### Your task
Beginning with the line of the entries below that holds "NOTE: 13 KORTSIKTIGE" and ending with the line that holds "Ief Coschooling Les", transcribe each line exactly as written. Pictures stay out.

### Study material
↓
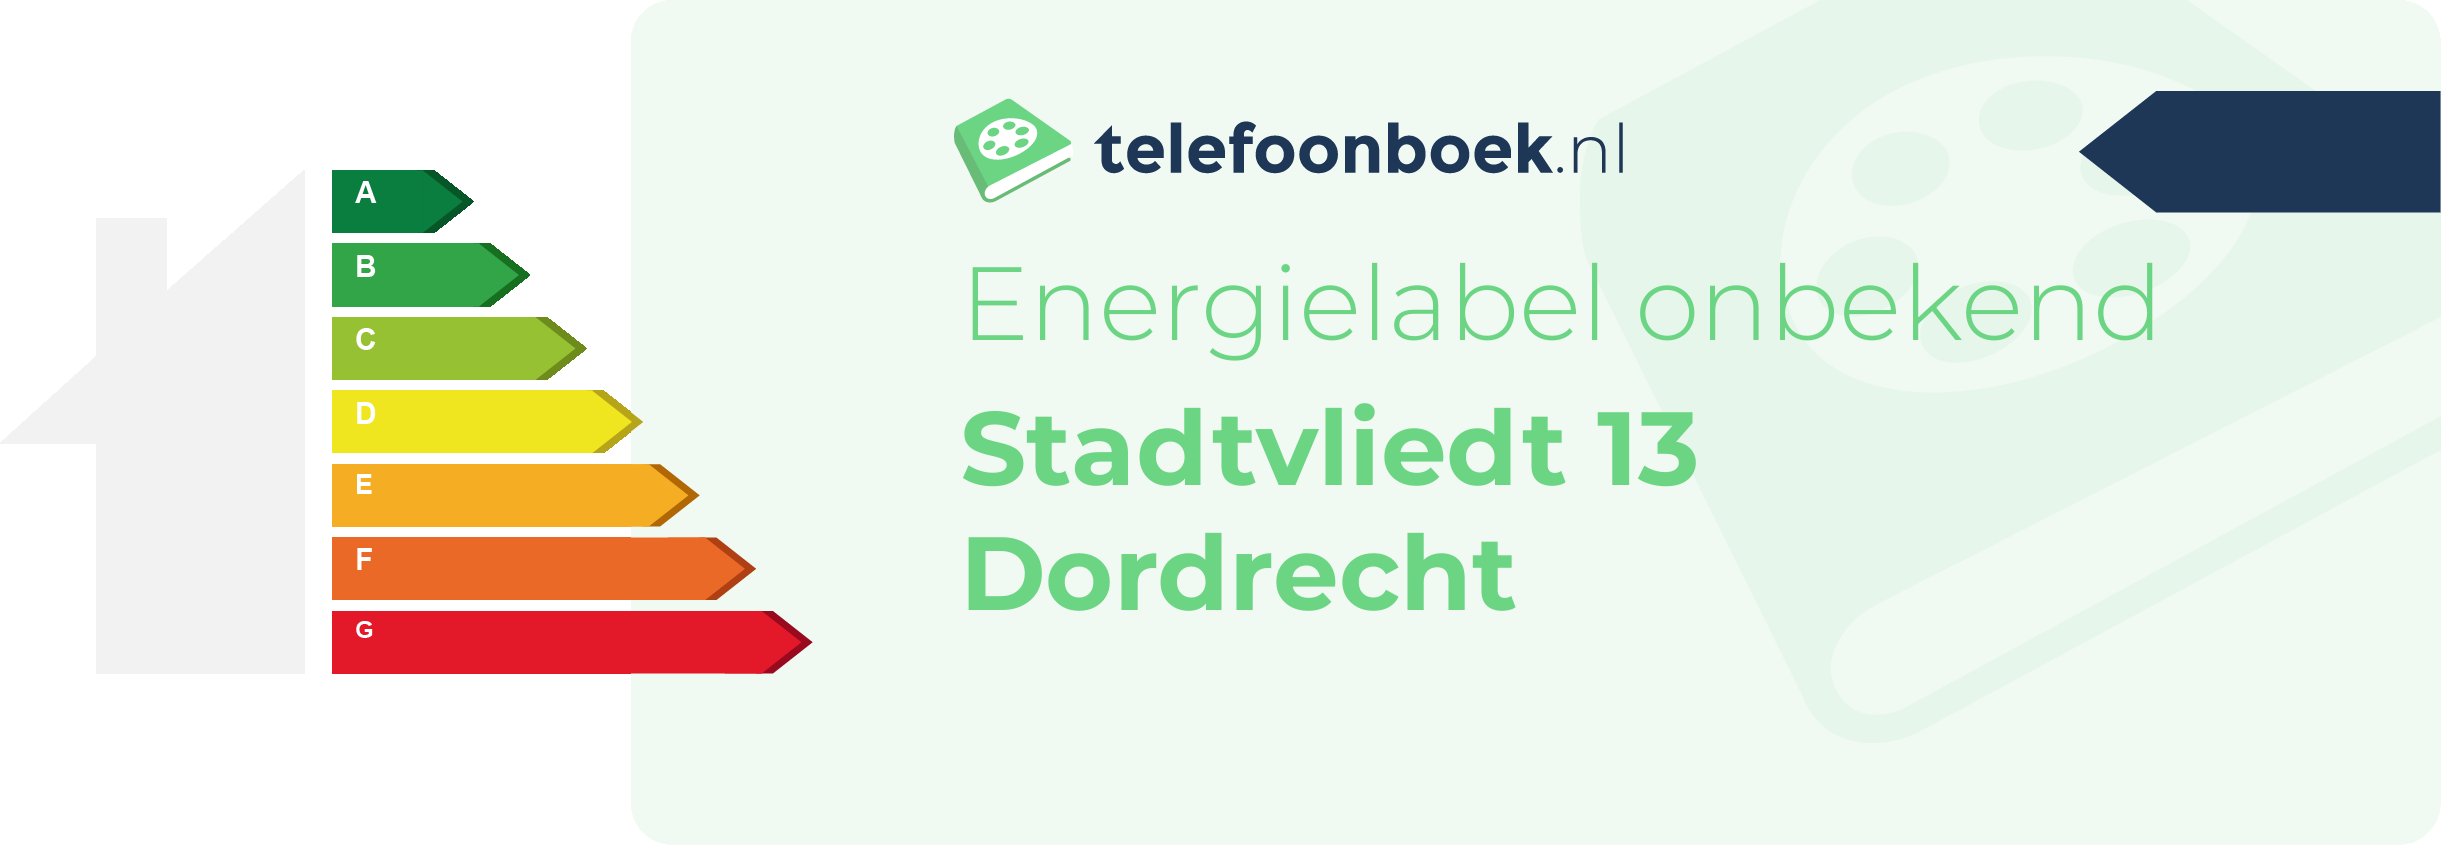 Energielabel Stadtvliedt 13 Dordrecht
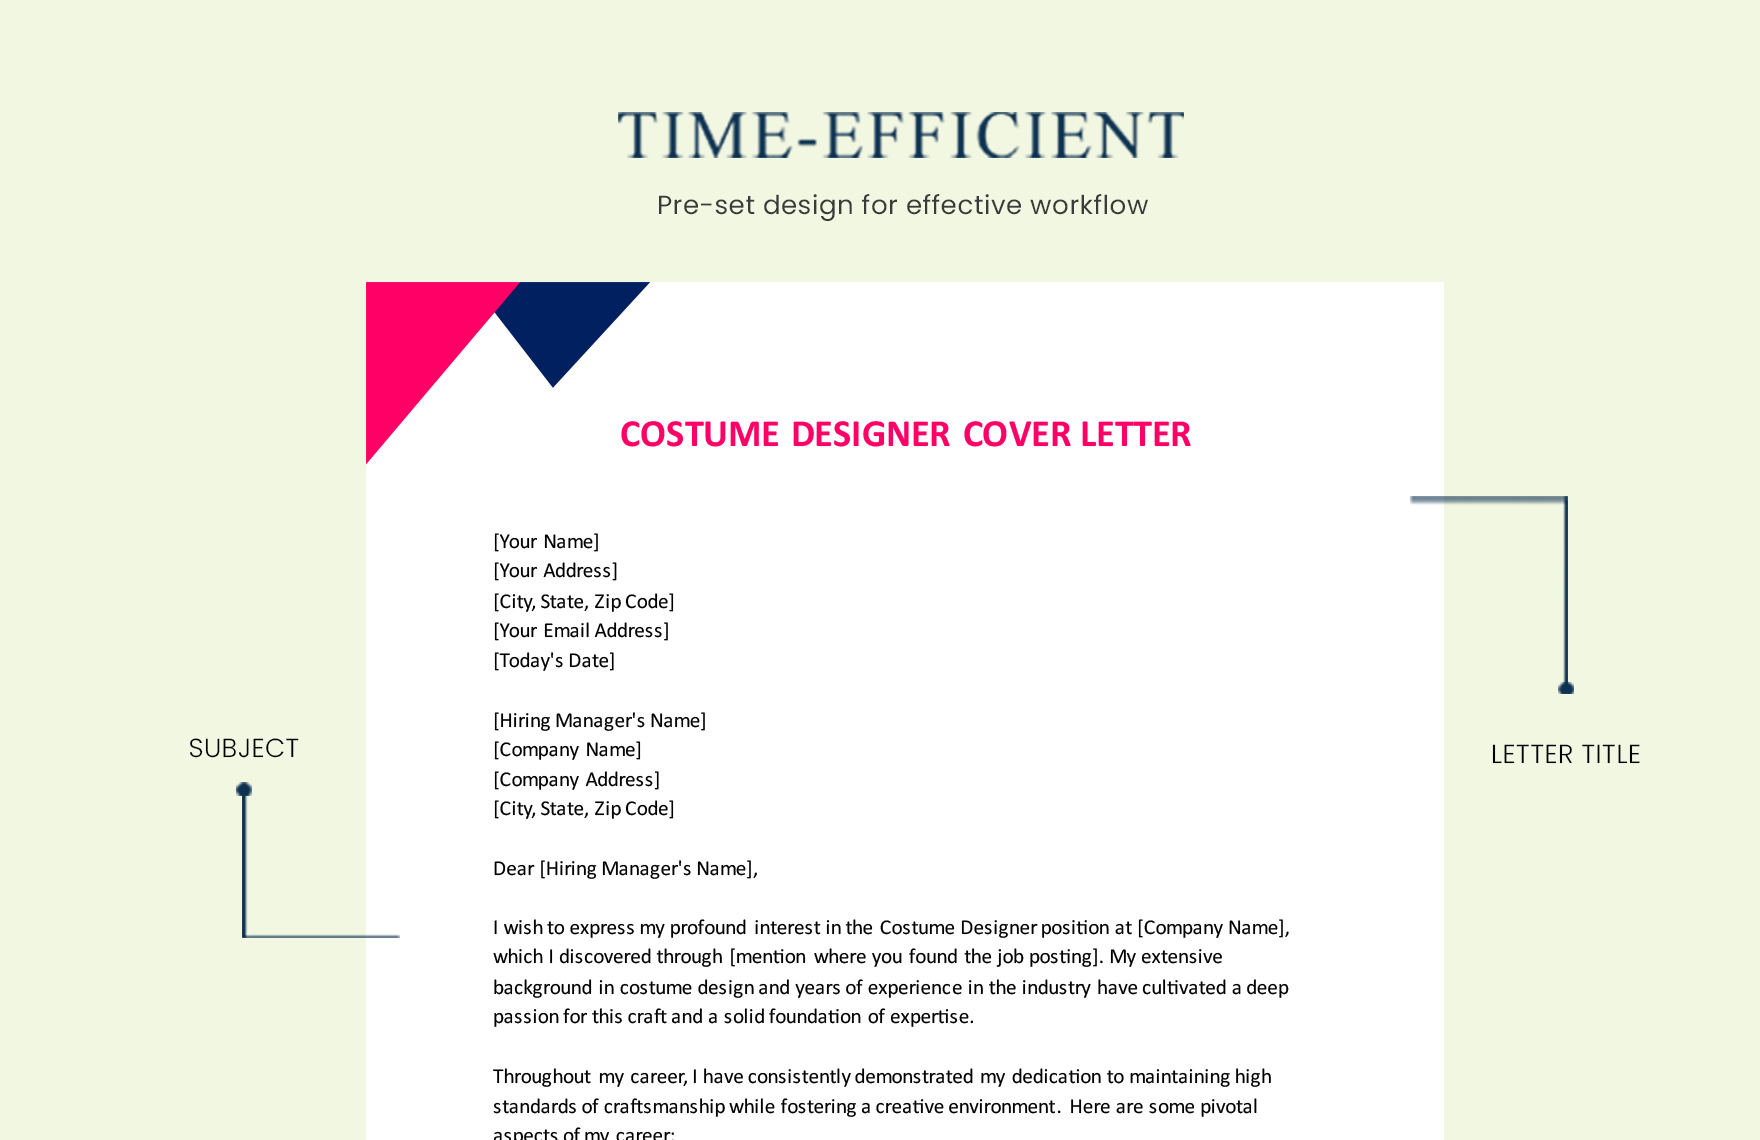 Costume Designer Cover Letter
↑
↓
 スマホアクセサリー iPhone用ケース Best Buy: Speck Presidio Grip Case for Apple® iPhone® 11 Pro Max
↑
↓
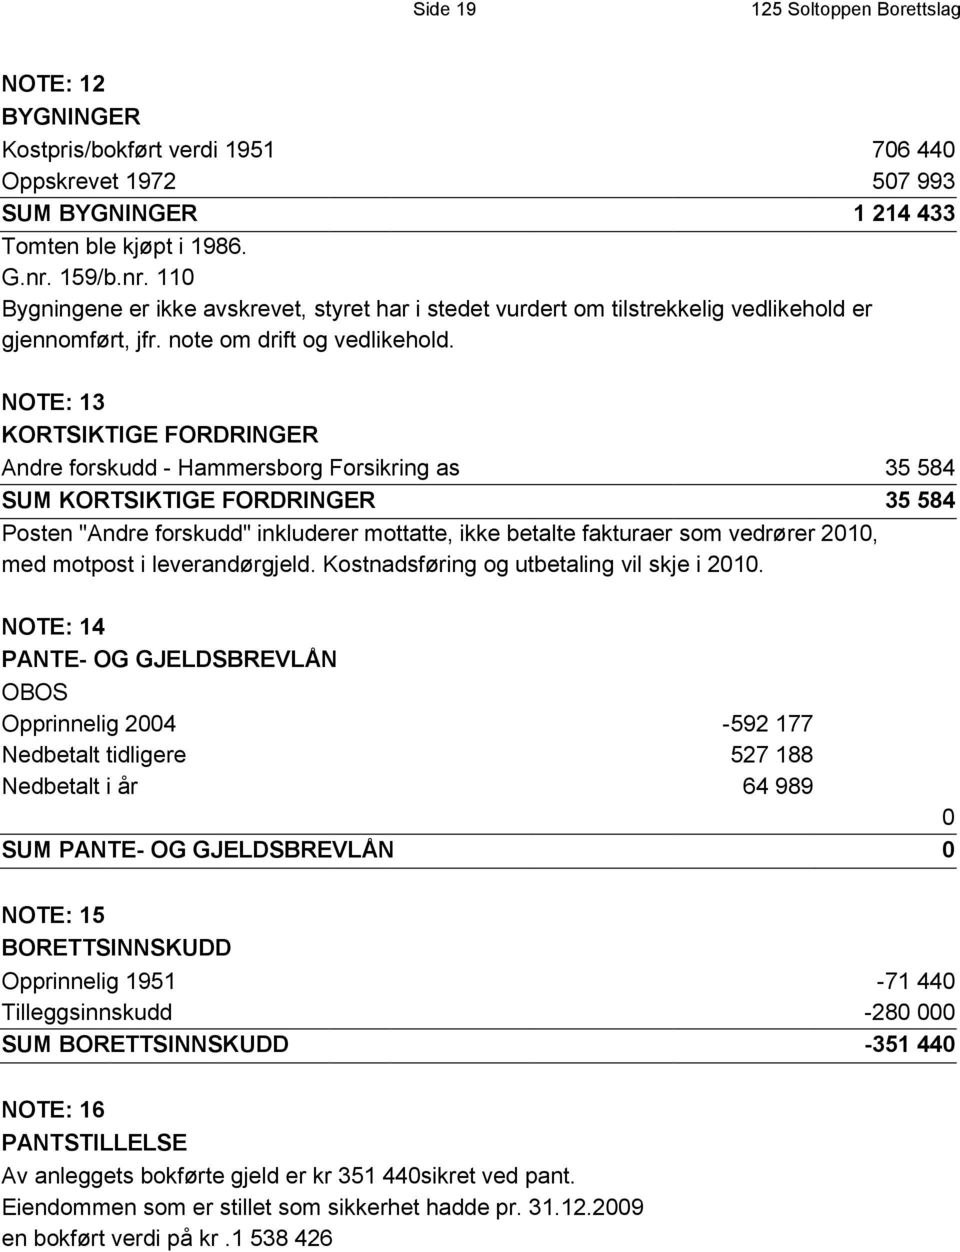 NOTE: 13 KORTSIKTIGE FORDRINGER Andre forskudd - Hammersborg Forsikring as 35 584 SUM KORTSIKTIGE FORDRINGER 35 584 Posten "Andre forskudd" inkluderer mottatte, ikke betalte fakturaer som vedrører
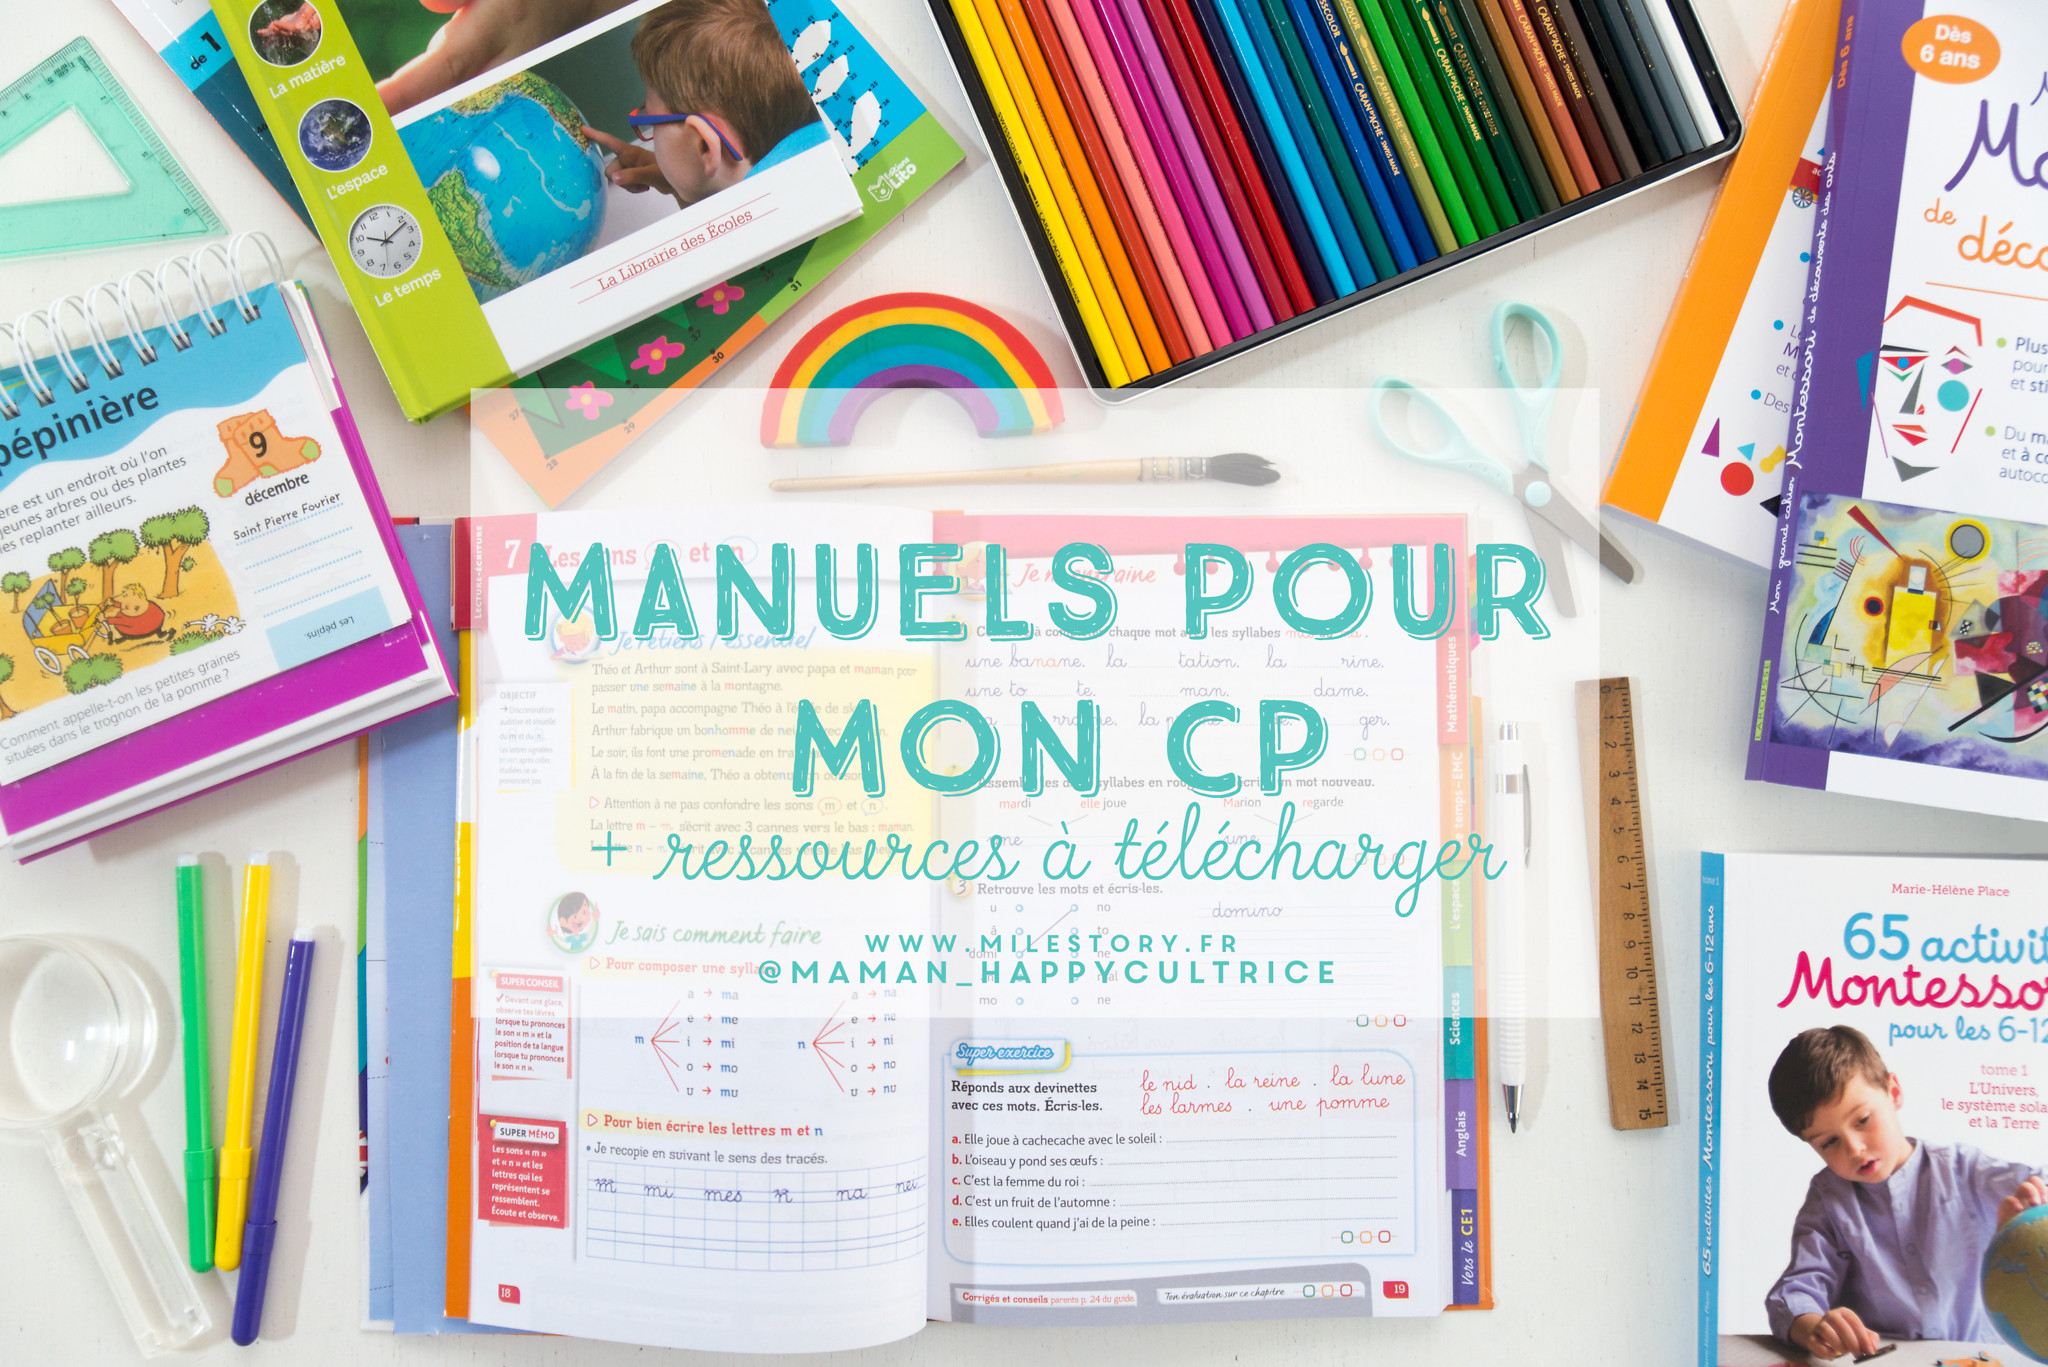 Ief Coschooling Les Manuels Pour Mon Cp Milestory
↑
### Reply to the task
 NOTE: 13 KORTSIKTIGE FORDRINGER Andre forskudd - Hammersborg Forsikring as 35 584 SUM KORTSIKTIGE FORDRINGER 35 584 Posten "Andre forskudd" inkluderer mottatte, ikke betalte fakturaer som vedrører
 Ief Coschooling Les Manuels Pour Mon Cp Milestory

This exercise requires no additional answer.